Details and advanced features

This is an account of slightly less common Hypothesis features that you don’t need to get started but will nevertheless make your life easier.

Additional test output

Normally the output of a failing test will look something like:

Falsifying example: test_a_thing(x=1, y="foo")

With the repr of each keyword argument being printed.

Sometimes this isn’t enough, either because you have values with a repr that isn’t very descriptive or because you need to see the output of some intermediate steps of your test. That’s where the note function comes in:

>>> from hypothesis import given, note, strategies as st
>>> @given(st.lists(st.integers()), st.randoms())
... def test_shuffle_is_noop(ls, r):
...     ls2 = list(ls)
...     r.shuffle(ls2)
...     note("Shuffle: %r" % (ls2))
...     assert ls == ls2
>>> try:
...     test_shuffle_is_noop()
... except AssertionError:
...     print('ls != ls2')
Falsifying example: test_shuffle_is_noop(ls=[0, 1], r=RandomWithSeed(53))
Shuffle: [1, 0]
ls != ls2

The note is printed in the final run of the test in order to include any additional information you might need in your test.

Test Statistics

If you are using py.test you can see a number of statistics about the executed tests by passing the command line argument --hypothesis-show-statistics. This will include some general statistics about the test:

For example if you ran the following with --hypothesis-show-statistics:

from hypothesis import given, strategies as st

def test_integers(i):

You would see:


  - 100 passing examples, 0 failing examples, 0 invalid examples
  - Typical runtimes: ~ 1ms
  - Fraction of time spent in data generation: ~ 12%
  - Stopped because settings.max_examples=100

The final “Stopped because” line is particularly important to note: It tells you the setting value that determined when the test should stop trying new examples. This can be useful for understanding the behaviour of your tests. Ideally you’d always want this to be max_examples.

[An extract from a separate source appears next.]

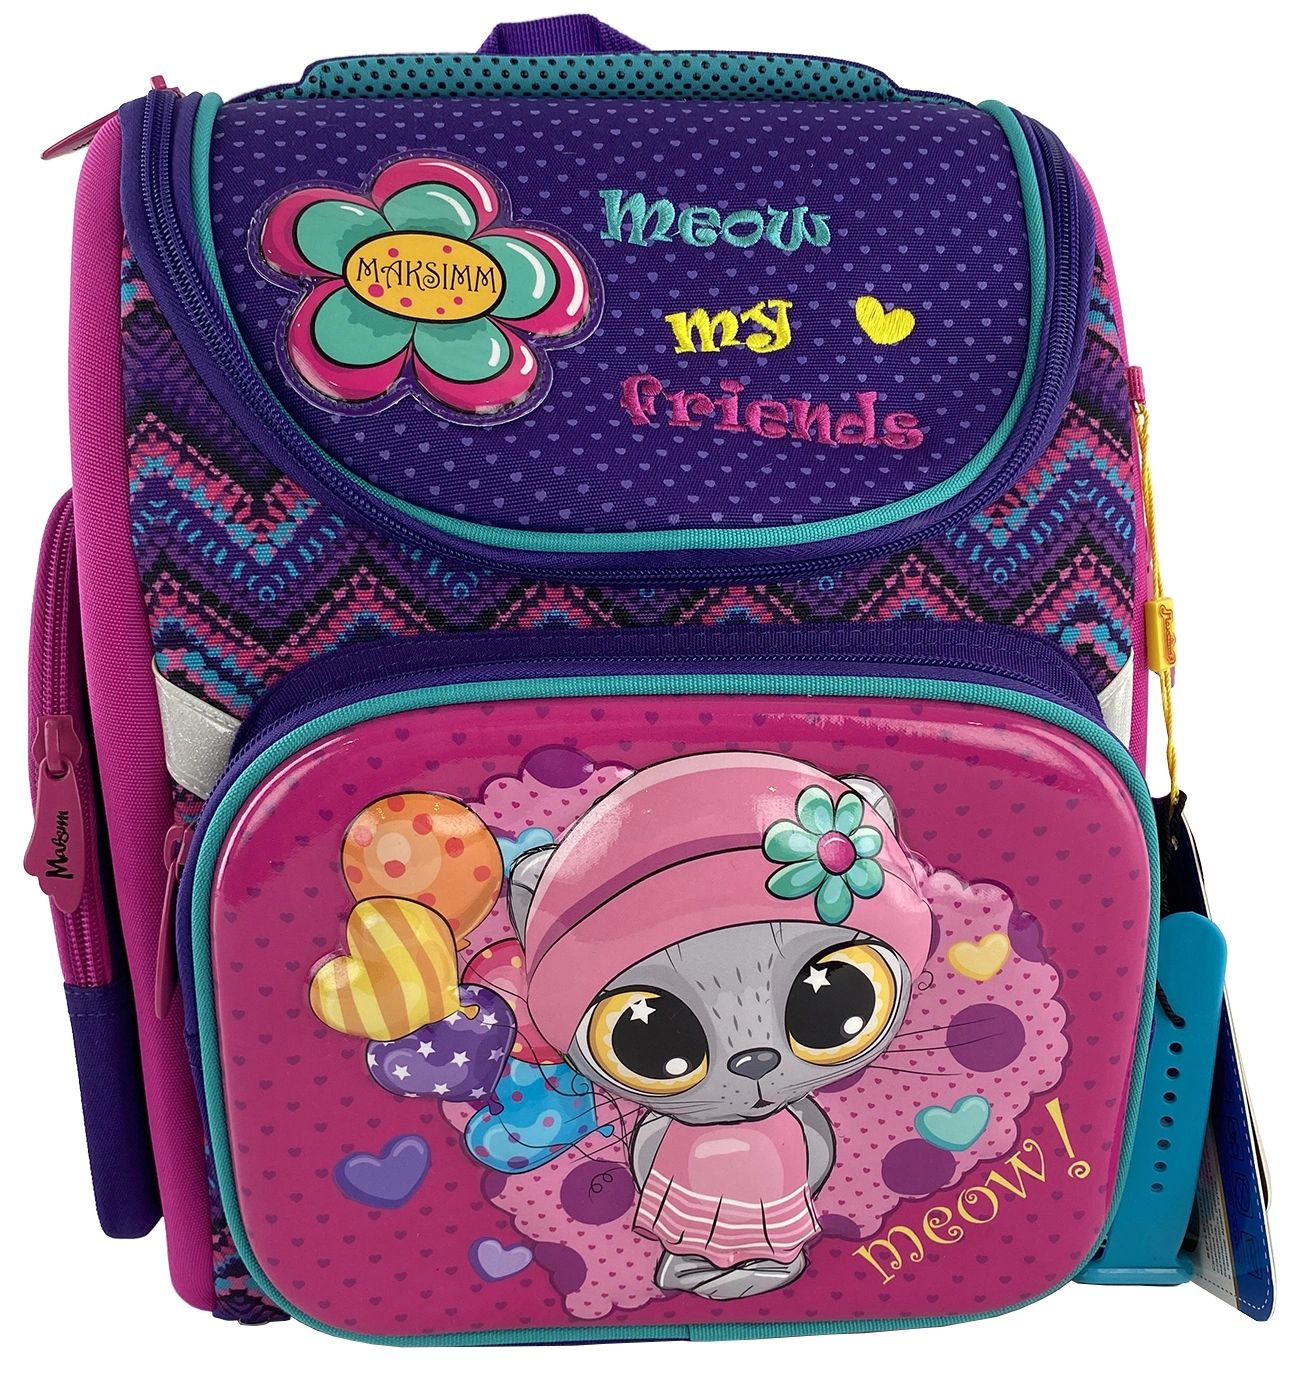 Рюкзак фиолетовый Maksimm А811 16652-32

In some cases (such as filtered and recursive strategies) you will see events mentioned which describe some aspect of the data generation:

from hypothesis import given, strategies as st

@given(st.integers().filter(lambda x: x % 2 == 0))
def test_even_integers(i):

You would see something like:


    - 100 passing examples, 0 failing examples, 36 invalid examples
    - Typical runtimes: 0-1 ms
    - Fraction of time spent in data generation: ~ 16%
    - Stopped because settings.max_examples=100
    - Events:
      * 80.88%, Retried draw from integers().filter(lambda x: <unknown>) to satisfy filter
      * 26.47%, Aborted test because unable to satisfy integers().filter(lambda x: <unknown>)

You can also mark custom events in a test using the event function:


Record an event that occurred this test. Statistics on number of test runs with each event will be reported at the end if you run Hypothesis in statistics reporting mode.

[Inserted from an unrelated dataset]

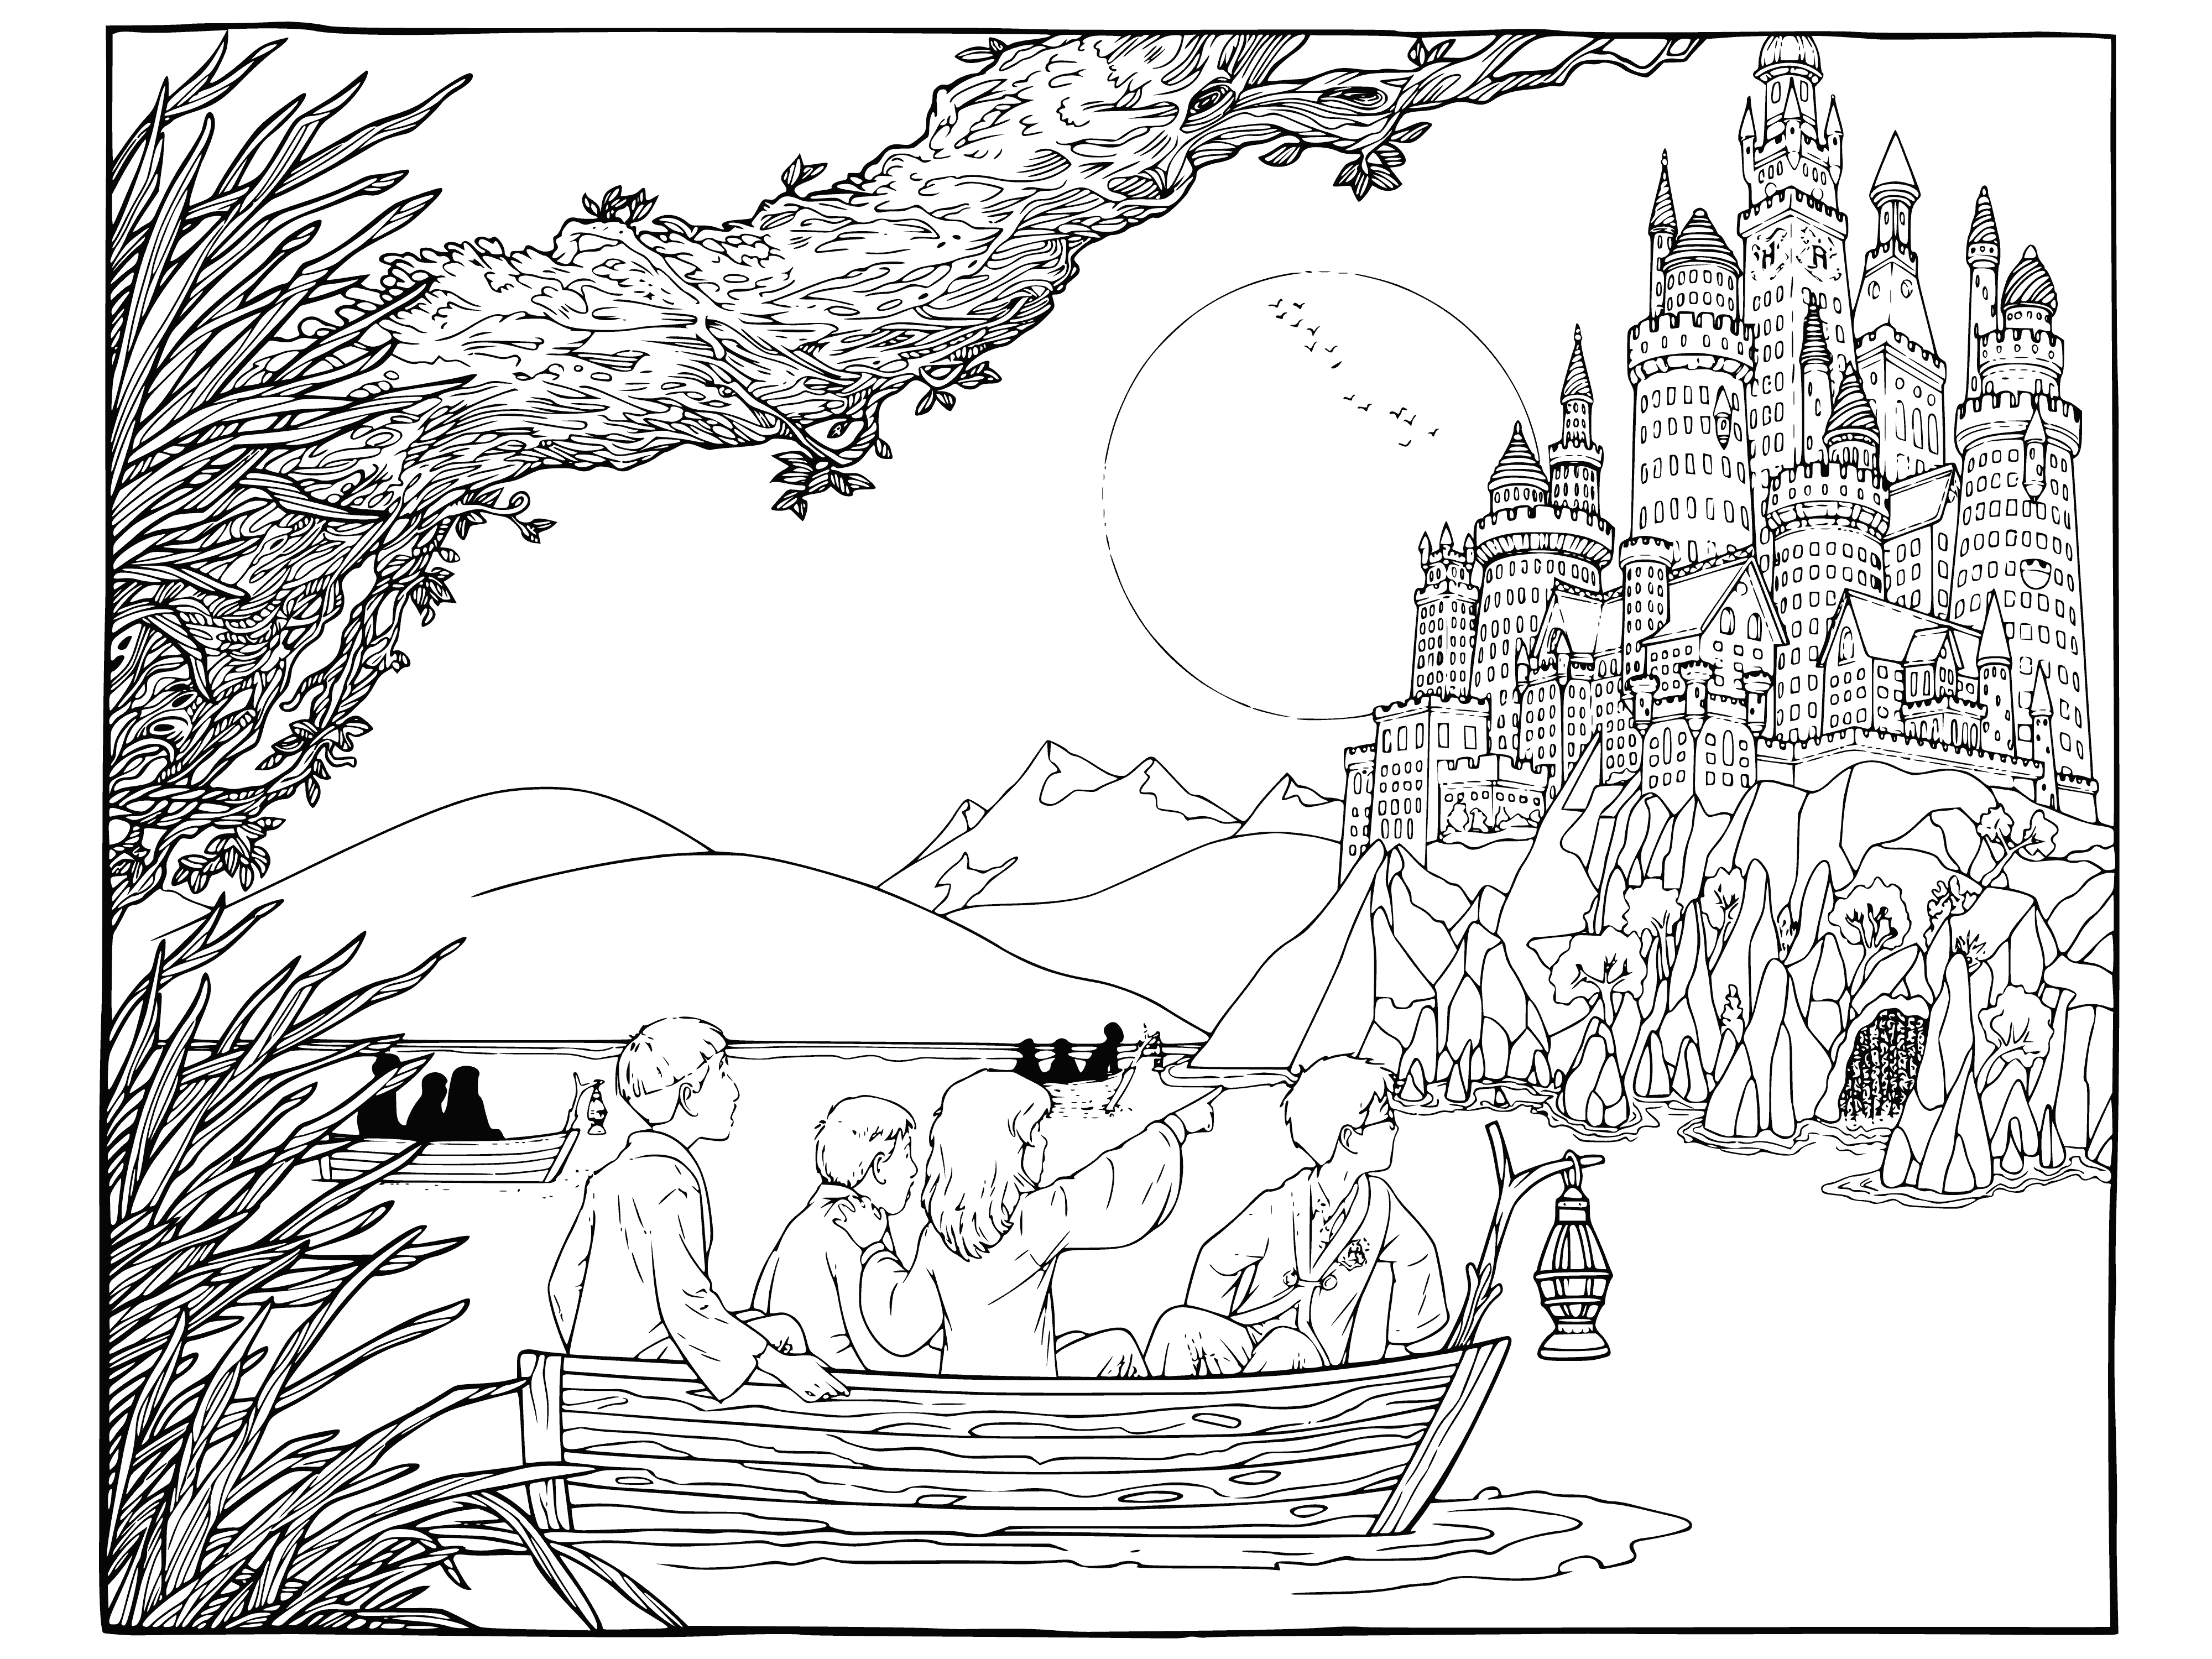 Hogswart School of Wizardry coloring page

Events should be strings or convertible to them.

from hypothesis import given, event, strategies as st

@given(st.integers().filter(lambda x: x % 2 == 0))
def test_even_integers(i):
    event("i mod 3 = %d" % (i % 3,))

You will then see output like:


  - 100 passing examples, 0 failing examples, 38 invalid examples
  - Typical runtimes: 0-1 ms
  - Fraction of time spent in data generation: ~ 16%
  - Stopped because settings.max_examples=100
  - Events:
    * 80.43%, Retried draw from integers().filter(lambda x: <unknown>) to satisfy filter
    * 31.88%, i mod 3 = 0
    * 27.54%, Aborted test because unable to satisfy integers().filter(lambda x: <unknown>)
    * 21.74%, i mod 3 = 1
    * 18.84%, i mod 3 = 2

Arguments to event can be any hashable type, but two events will be considered the same if they are the same when converted to a string with str.

Making assumptions

Sometimes Hypothesis doesn’t give you exactly the right sort of data you want - it’s mostly of the right shape, but some examples won’t work and you don’t want to care about them. You can just ignore these by aborting the test early, but this runs the risk of accidentally testing a lot less than you think you are. Also it would be nice to spend less time on bad examples - if you’re running 200 examples per test (the default) and it turns out 150 of those examples don’t match your needs, that’s a lot of wasted time.

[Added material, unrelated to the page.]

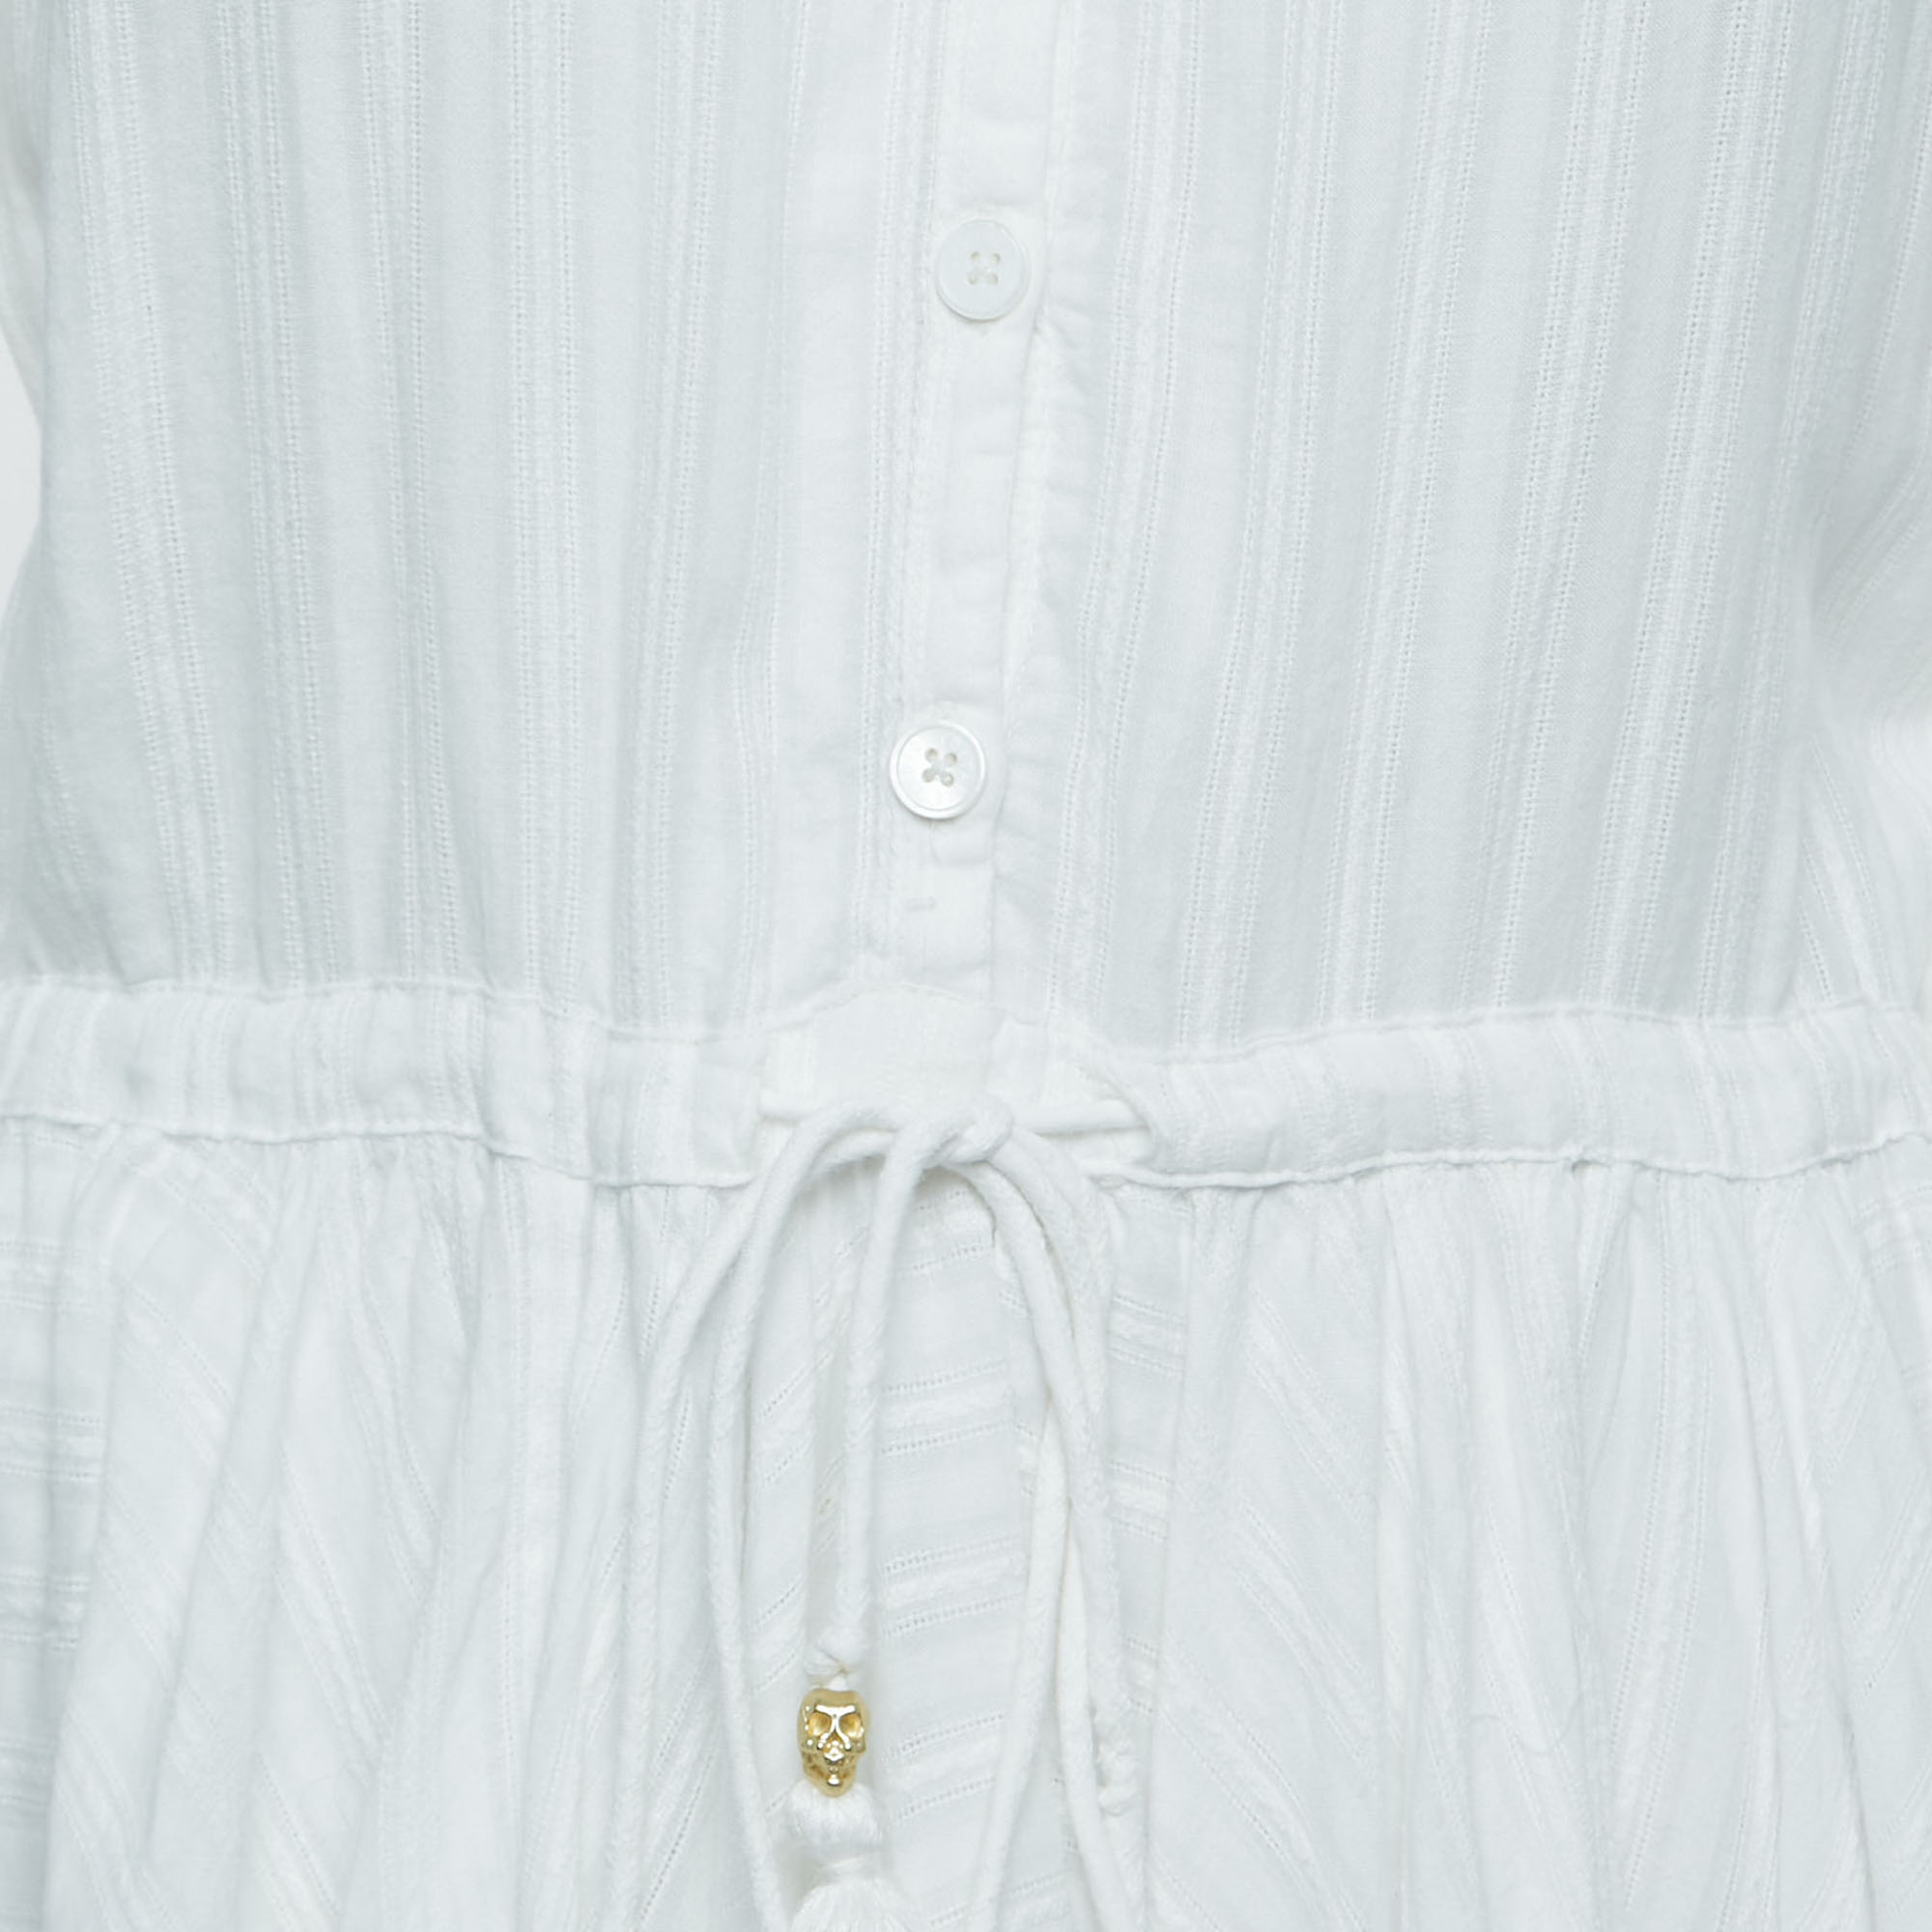 Zadig & Voltaire White Cotton Shirt Dress S

assume() is like an assert that marks the example as bad, rather than failing the test.

This allows you to specify properties that you assume will be true, and let Hypothesis try to avoid similar examples in future.

For example suppose you had the following test:

def test_negation_is_self_inverse(x):
    assert x == -(-x)

Running this gives us:

Falsifying example: test_negation_is_self_inverse(x=float('nan'))

This is annoying. We know about NaN and don’t really care about it, but as soon as Hypothesis finds a NaN example it will get distracted by that and tell us about it. Also the test will fail and we want it to pass.

So lets block off this particular example:

from math import isnan

def test_negation_is_self_inverse_for_non_nan(x):
    assume(not isnan(x))
    assert x == -(-x)

And this passes without a problem.

In order to avoid the easy trap where you assume a lot more than you intended, Hypothesis will fail a test when it can’t find enough examples passing the assumption.

If we’d written:

def test_negation_is_self_inverse_for_non_nan(x):
    assert x == -(-x)

Then on running we’d have got the exception:

Unsatisfiable: Unable to satisfy assumptions of hypothesis test_negation_is_self_inverse_for_non_nan. Only 0 examples considered satisfied assumptions

How good is assume?

Hypothesis has an adaptive exploration strategy to try to avoid things which falsify assumptions, which should generally result in it still being able to find examples in hard to find situations.

Suppose we had the following:

def test_sum_is_positive(xs):
  assert sum(xs) > 0

Unsurprisingly this fails and gives the falsifying example [].

Adding assume(xs) to this removes the trivial empty example and gives us [0].

Adding assume(all(x > 0 for x in xs)) and it passes: the sum of a list of positive integers is positive.

The reason that this should be surprising is not that it doesn’t find a counter-example, but that it finds enough examples at all.

In order to make sure something interesting is happening, suppose we wanted to try this for long lists. e.g. suppose we added an assume(len(xs) > 10) to it. This should basically never find an example: a naive strategy would find fewer than one in a thousand examples, because if each element of the list is negative with probability one-half, you’d have to have ten of these go the right way by chance. In the default configuration Hypothesis gives up long before it’s tried 1000 examples (by default it tries 200).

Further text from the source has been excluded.